To hold otherwise in this case would mean that the court unjustifiably and without legal sanction is broadening the terms of the contract of insurance and adding an additional risk never intended nor contemplated. The court can neither rewrite nor interpret this policy since no ambiguity, uncertainty nor obscurity exists.

My compassion for the family cannot override my obligation to rule that under the law Ferncliff Manor is not a “ hospital.”

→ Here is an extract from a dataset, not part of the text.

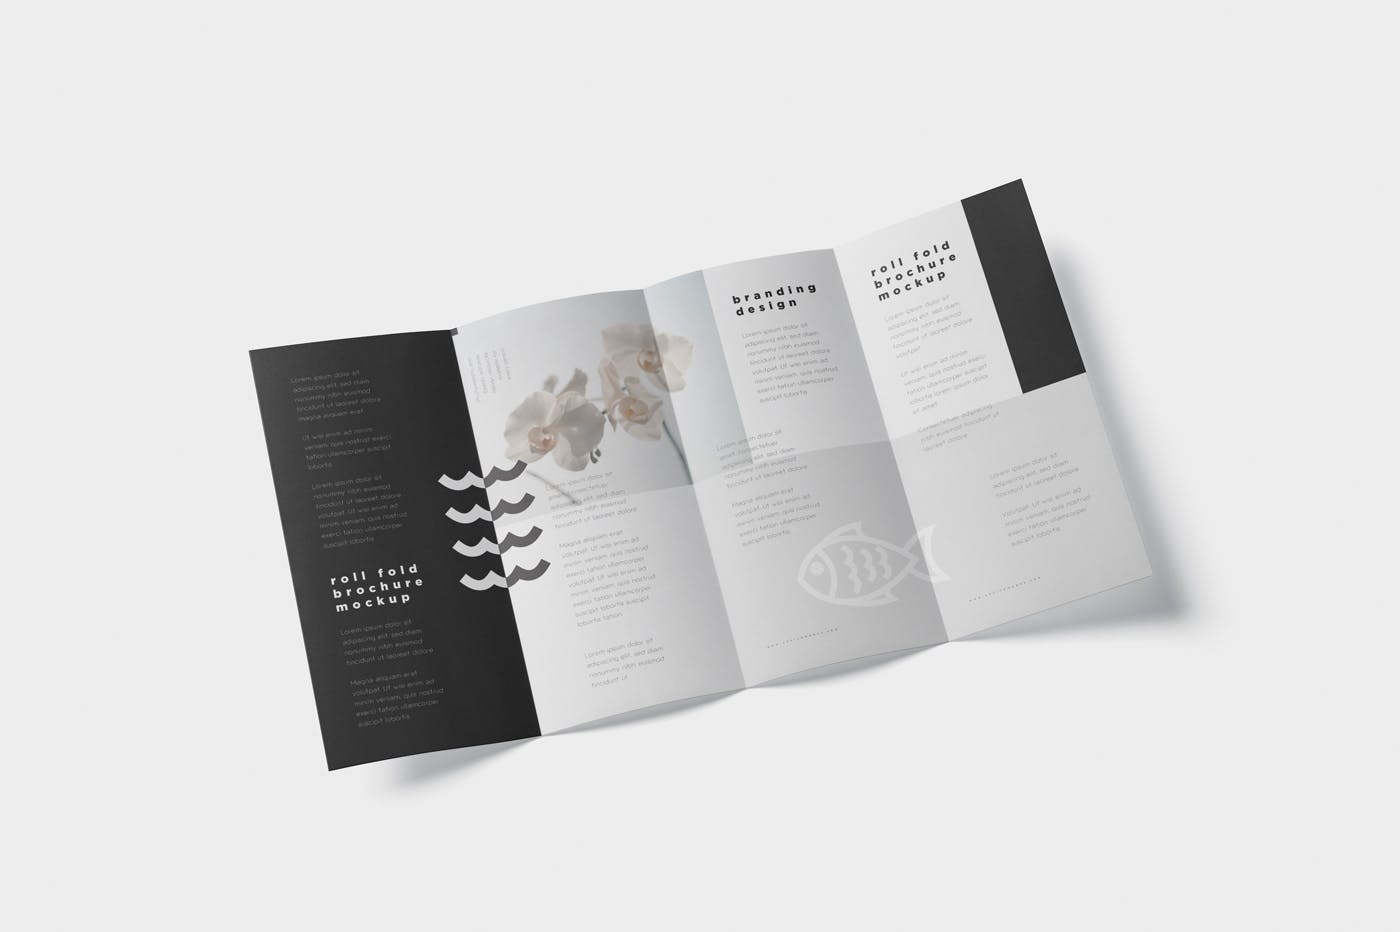 折叠设计风格企业传单/宣传册设计样机非凡图库精选 Roll-Fold Brochure Mockup – DL DIN Lang Size插图(2)

The court is fully sympathetic with the plaintiff’s plight. The condition of his son presents a most pathetic picture of a child utterly helpless with a prognosis that is completely hopeless. While unable to prevent the unfortunate result to the plaintiff encountered herein, the court cannot render itself completely oblivious to the sad situation which prevails in our community with respect to the facilities available for the care and assistance of the mentally retarded. In the entire City of New York, according to a communication to the court from the Department of Mental Hygiene, there are available only 6,284 beds for the mentally retarded in public institutions, of which 4,488 are for those between the ages of 5 and 24. The entire State-wide total for public institutions is 24,416 beds of which 12,340 are available for the afore-mentioned youthful age group. Private institutions in New York City provide only 15 beds and in the entire State these private facilities provide only 1,145 beds. Further, devoted parents may be drained penniless just paying the charges for the custody for life of a hopeless case in an institution. It becomes readily apparent that New York State with its population of approximately 18,000,000 people has made woefully inadequate provisions for the mentally retarded. This presents a sad, pitiful situation which should commend itself *194to the attention of all public-spirited citizens and it is the court’s sincere hope that in the not too distant future a lethargic public, sufficiently aroused, will yet remedy the sad plight of our more unfortunate brethren.

Defendant’s motion to dismiss plaintiff’s complaint after trial is granted.